Data block:
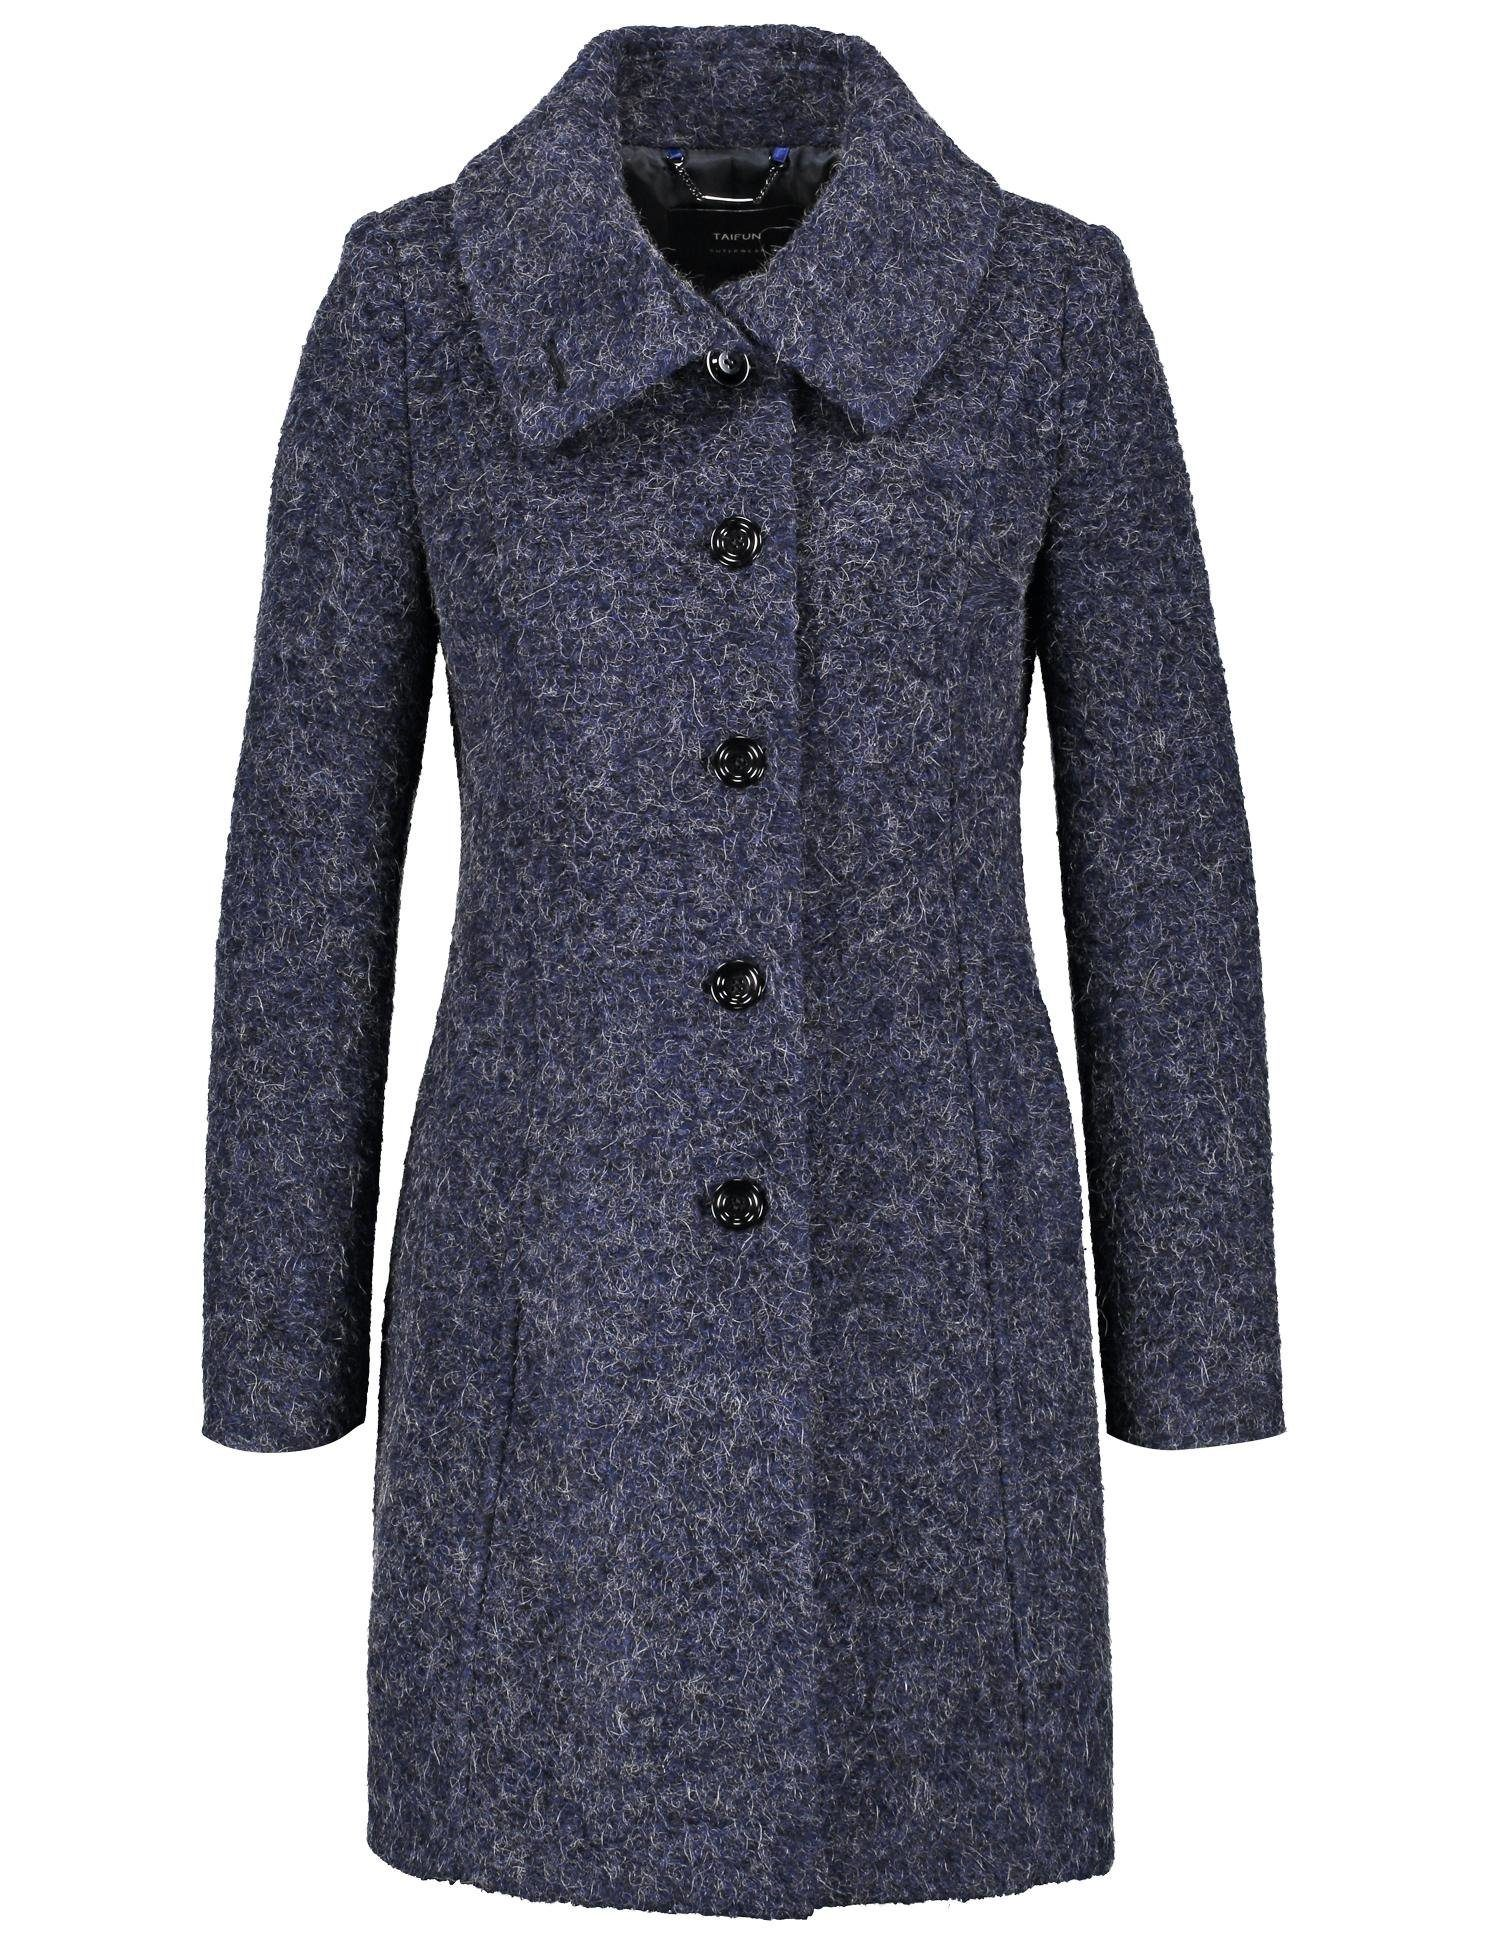 TAIFUN Outdoorjacke Wolle Taillierter Kurzmantel aus Tweed | Sportbekleidung > Sportmäntel > Outdoormäntel | Blau | Wolle - Tweed - Polyester | Taifun
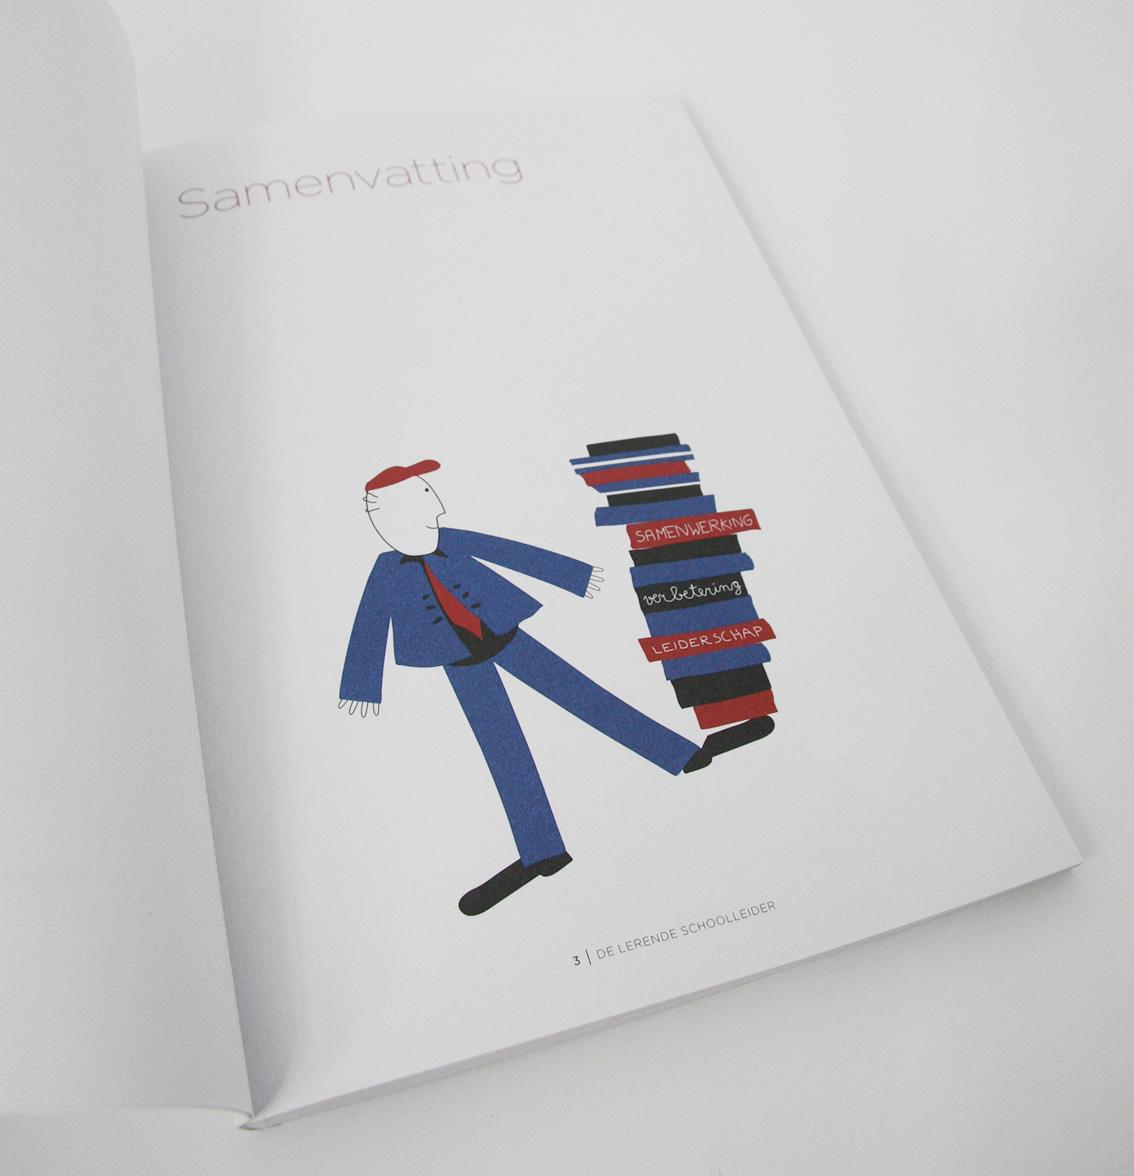 'De Lerende Schoolleider' illustratie bij de samenvatting
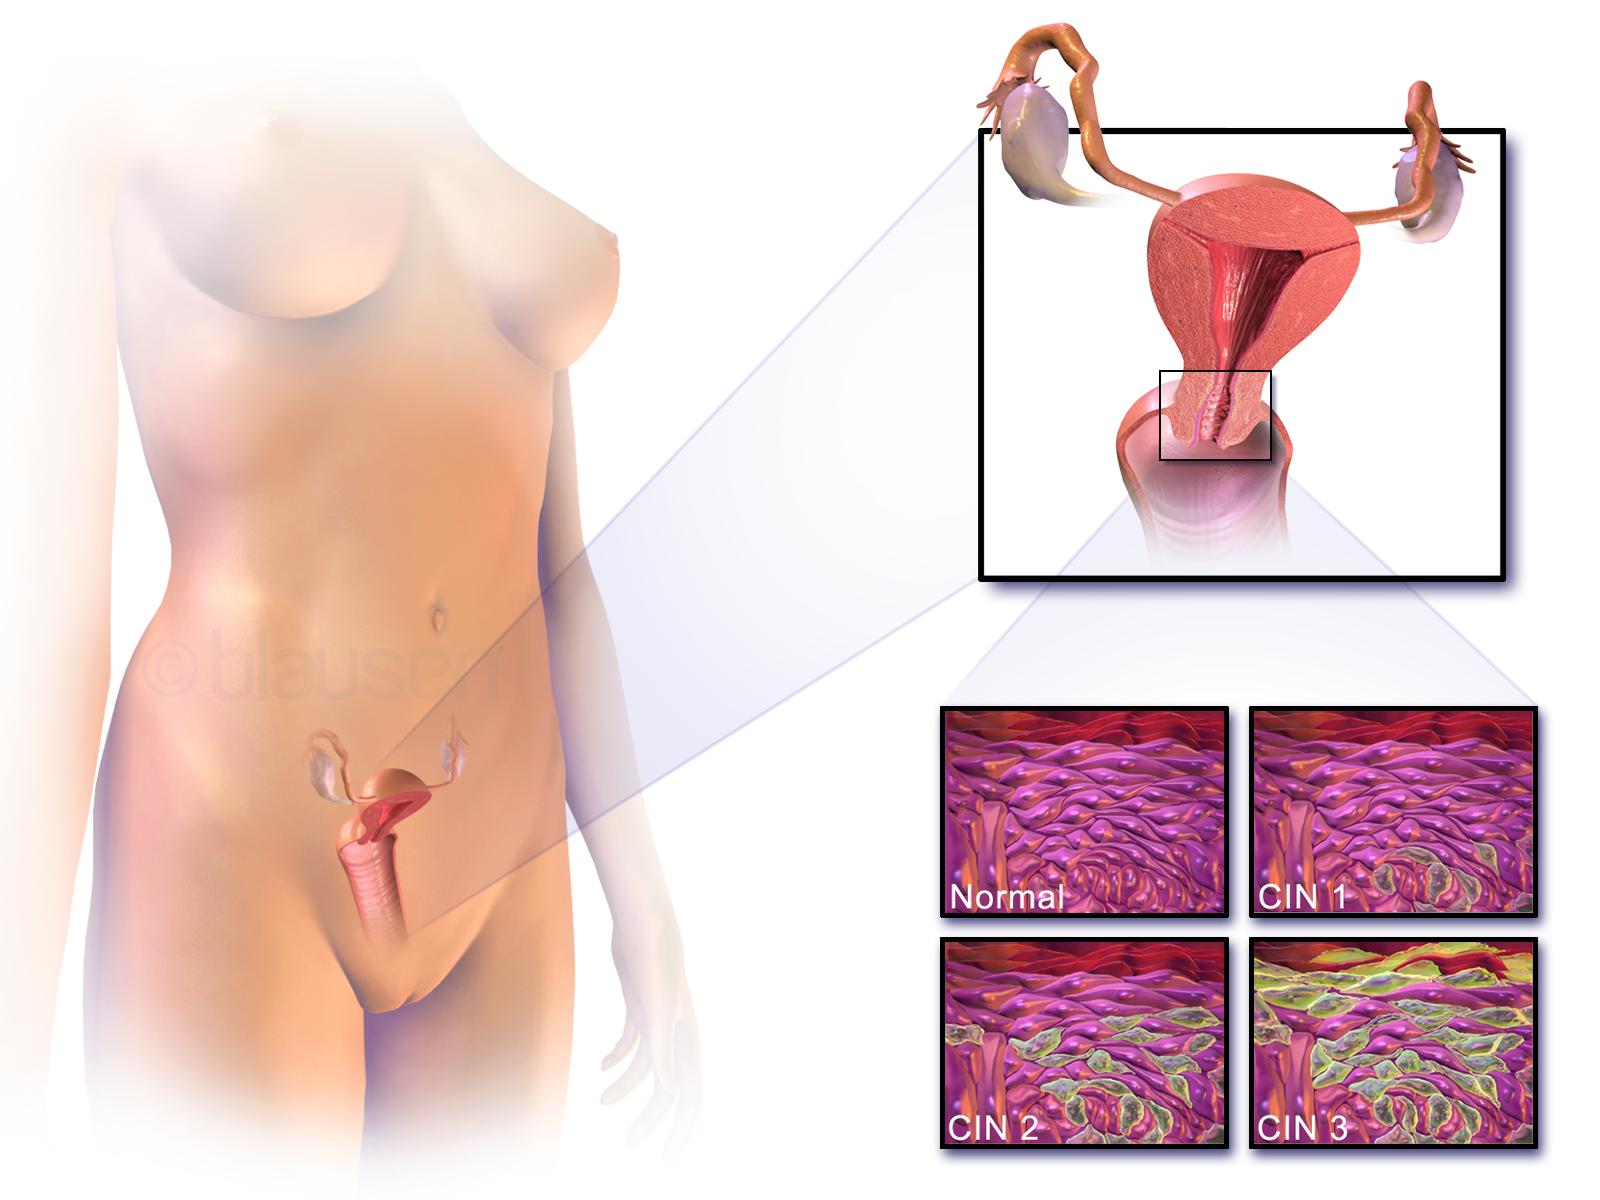 papilloma colli meaning cancer vezica urinara speranta de viata

Brief: Working from the line that contains "bij de samenvatting" to the last line of the listing, please quote each line exactly, pictures excluded.

Result of this task:
 'De Lerende Schoolleider' illustratie bij de samenvatting
 papilloma colli meaning cancer vezica urinara speranta de viata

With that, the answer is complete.